- [What this task involves] For the records that follow, please set down exactly the lines between the one holding "Luggage shipment logistics" and the one holding "Blick auf die", inclusive, and only those.
====== Entries provided
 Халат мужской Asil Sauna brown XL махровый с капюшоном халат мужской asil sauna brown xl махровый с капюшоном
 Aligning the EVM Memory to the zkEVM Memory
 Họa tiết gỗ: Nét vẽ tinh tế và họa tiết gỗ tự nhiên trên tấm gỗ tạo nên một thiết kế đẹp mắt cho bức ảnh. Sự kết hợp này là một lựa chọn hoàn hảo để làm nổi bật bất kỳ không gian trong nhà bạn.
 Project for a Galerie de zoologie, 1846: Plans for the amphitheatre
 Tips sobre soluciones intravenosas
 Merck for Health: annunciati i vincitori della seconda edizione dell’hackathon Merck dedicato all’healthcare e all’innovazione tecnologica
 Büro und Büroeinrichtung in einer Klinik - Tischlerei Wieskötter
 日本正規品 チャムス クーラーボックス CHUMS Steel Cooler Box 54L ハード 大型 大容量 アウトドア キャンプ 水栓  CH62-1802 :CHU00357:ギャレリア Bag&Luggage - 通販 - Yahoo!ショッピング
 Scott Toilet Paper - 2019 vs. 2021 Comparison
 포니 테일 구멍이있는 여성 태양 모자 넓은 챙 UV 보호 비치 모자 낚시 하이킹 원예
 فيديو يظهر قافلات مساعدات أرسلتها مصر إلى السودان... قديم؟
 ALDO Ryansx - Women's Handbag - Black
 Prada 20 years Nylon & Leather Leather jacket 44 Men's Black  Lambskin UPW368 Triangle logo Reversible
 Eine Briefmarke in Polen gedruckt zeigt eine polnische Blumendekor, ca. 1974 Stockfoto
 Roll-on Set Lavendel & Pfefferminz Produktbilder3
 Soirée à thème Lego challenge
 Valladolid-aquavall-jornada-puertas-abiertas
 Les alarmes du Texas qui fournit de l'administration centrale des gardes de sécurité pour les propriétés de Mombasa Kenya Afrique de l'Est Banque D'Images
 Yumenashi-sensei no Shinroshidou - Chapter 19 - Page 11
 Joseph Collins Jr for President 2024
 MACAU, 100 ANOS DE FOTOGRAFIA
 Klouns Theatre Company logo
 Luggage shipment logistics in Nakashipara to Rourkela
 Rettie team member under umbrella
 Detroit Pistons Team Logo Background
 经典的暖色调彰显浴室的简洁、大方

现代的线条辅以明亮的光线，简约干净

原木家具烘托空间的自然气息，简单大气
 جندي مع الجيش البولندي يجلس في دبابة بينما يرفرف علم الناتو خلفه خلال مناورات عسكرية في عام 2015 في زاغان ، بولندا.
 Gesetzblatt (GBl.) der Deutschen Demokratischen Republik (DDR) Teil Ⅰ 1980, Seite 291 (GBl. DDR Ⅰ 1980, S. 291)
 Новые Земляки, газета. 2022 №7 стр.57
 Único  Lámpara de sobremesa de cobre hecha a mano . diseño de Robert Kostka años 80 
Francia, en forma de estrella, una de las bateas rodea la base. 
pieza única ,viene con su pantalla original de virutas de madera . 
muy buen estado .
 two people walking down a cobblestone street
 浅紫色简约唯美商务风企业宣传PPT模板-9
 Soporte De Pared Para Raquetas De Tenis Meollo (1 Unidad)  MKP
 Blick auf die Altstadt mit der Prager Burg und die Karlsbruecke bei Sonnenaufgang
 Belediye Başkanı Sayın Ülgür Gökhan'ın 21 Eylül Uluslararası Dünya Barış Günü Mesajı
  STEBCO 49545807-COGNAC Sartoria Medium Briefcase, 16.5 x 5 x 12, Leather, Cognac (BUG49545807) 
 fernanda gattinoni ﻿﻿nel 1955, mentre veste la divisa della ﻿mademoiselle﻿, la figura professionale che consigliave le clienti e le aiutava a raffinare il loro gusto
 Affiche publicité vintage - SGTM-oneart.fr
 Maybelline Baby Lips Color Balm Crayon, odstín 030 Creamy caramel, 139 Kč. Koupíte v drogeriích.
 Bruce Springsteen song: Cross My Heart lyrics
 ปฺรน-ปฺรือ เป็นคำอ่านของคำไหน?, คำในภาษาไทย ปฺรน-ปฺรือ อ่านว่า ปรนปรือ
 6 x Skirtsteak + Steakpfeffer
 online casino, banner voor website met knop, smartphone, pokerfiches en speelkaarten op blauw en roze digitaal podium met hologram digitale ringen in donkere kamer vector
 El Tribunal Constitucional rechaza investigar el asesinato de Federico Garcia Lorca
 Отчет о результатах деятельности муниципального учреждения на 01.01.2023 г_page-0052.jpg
============
- [Worked solution]
 Luggage shipment logistics in Nakashipara to Rourkela
 Rettie team member under umbrella
 Detroit Pistons Team Logo Background
 经典的暖色调彰显浴室的简洁、大方

现代的线条辅以明亮的光线，简约干净

原木家具烘托空间的自然气息，简单大气
 جندي مع الجيش البولندي يجلس في دبابة بينما يرفرف علم الناتو خلفه خلال مناورات عسكرية في عام 2015 في زاغان ، بولندا.
 Gesetzblatt (GBl.) der Deutschen Demokratischen Republik (DDR) Teil Ⅰ 1980, Seite 291 (GBl. DDR Ⅰ 1980, S. 291)
 Новые Земляки, газета. 2022 №7 стр.57
 Único  Lámpara de sobremesa de cobre hecha a mano . diseño de Robert Kostka años 80 
Francia, en forma de estrella, una de las bateas rodea la base. 
pieza única ,viene con su pantalla original de virutas de madera . 
muy buen estado .
 two people walking down a cobblestone street
 浅紫色简约唯美商务风企业宣传PPT模板-9
 Soporte De Pared Para Raquetas De Tenis Meollo (1 Unidad)  MKP
 Blick auf die Altstadt mit der Prager Burg und die Karlsbruecke bei Sonnenaufgang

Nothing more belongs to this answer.